‘Plastic Bag Store' uses art, trash, humor to discuss plastic waste
Ann Arbor, Mich. — A traveling art installation and immersive film experience, The Plastic Bag Store is using a sense of humor to tell a unique interactive story about the amount of plastic waste people use.
The Plastic Bag Store looks like a grocery store, but all of the items are made from plastic. The exhibit also includes an hourlong puppet film and hands-on aspects for the attendees.
Thousands of plastic items went into making the Plastic Bag Store come to life.
The creator, Robin Frohardt, an award-winning theater and film director, started work on the installation in 2016 and completed it in 2020. That included creating all the items for the "grocery" store, the puppet films and the future museum.
"I'm trying to offer a different perspective. I think sometimes the issue of plastic pollution can just feel so depressing and so overwhelming," Frohardt said.
The Plastic Bag Store starts off as a grocery store filled with items that you'd usually see like vegetables, cereals, soft drinks, frozen foods, fish, bakery items and flowers — but all are made from plastic trash. The product names parody real-life items such as "rasbaggies" (raspberries), "Yucky Shards" (Lucky Charms), "polluted sausage" (polish sausage) and "Plastic Dew" (Mountain Dew).
"Most of the plastic bags and lids and caps and all of that I collected in New York City," Frohardt said. "I was collecting things from friends and family. I was asking people to save things. I was picking things out of the trash and off the street. I was sort of on an odd adventure to try and collect all that stuff and get all the right kinds of colors."
After guests browse the grocery store, the installation transforms into a film-watching event. The puppet show takes viewers through the past, present and future of plastic.
At the start of the show, ancient humans realize the potential problems of single-use containers and try to warn others with an engraved message on a vase.
"The store itself is kind of just like an elaborate one-liner, so it's kind of nice to have this deeper story and experience connected to it," Frohardt said.
The present aspect of the film focuses on a museum janitor, Helen, cleaning up the museum and noticing the engraved vase, adjacent to a plastic cup. During her walk home, she collects plastic trash, including a bag, water bottle and straw. Helen writes a note to the future about the amount waste being consumed and places the note in the plastic materials that she collected and throws it away.
The museum then takes the audience through the frozen food aisle of the exhibit, and the film's focus shifts to the future, where a researcher in a frozen world finds Helen's plastic while ice fishing. The note is illegible, but the plastic still stands. The researcher assumes the objects are important and tries to identify them.
"We've made so much of these objects, and we make them to last for so long, but they're actually quite meaningless to us. They're meant to sort of just be thrown away and to disappear," Frohardt said. "But they're going to be around forever. I thought it would be funny to have someone in the future misinterpreting these objects."

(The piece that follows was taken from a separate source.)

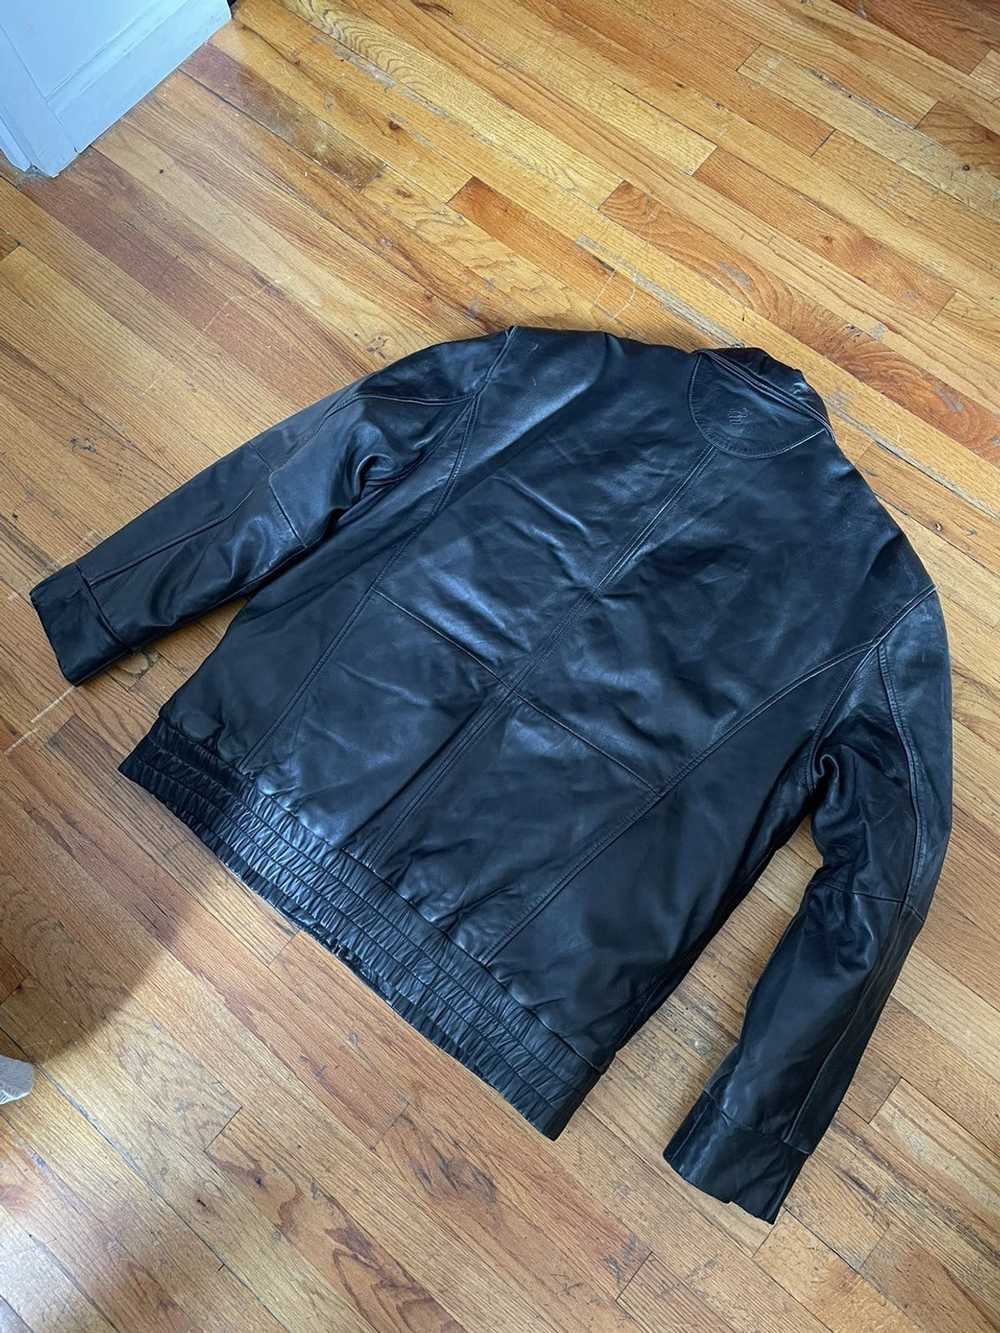 Rocawear Rocawear Leather Jacket - image 10

The Plastic Bag Store show then takes the audience on a tour of the museum made by the man of the future and containing the objects he identified. The museum features lighters labeled as holy water containers, toothbrushes labeled as children's dolls, water bottles labeled as letter containers and lids with straws labeled as compasses.
Frohardt and three other people worked on making the products. There was also a team of five puppeteers, a composer, a cinematographer and a sound designer. During the tour there were six people involved, including a couple of technical people and a few performers.
The Plastic Bag Store premiered in New York in 2020, and it has toured in Chicago; Los Angeles; Austin, Texas; and Adelaide, Australia. Frohardt was unable to announce any future plans but does confirm that the art installation will be continuing to tour.
"I would love for it to, like, continue to tour or just find a home where it could stay open in one location," Frohardt said. "I wish that it would be irrelevant someday, but I don't know if it will be."
The Plastic Bag Store is on display in Ann Arbor until Sunday, Feb. 5 at the 777 building as a partnership with University of Michigan Museum of Art, University Musical Society and the Graham Sustainability Institute.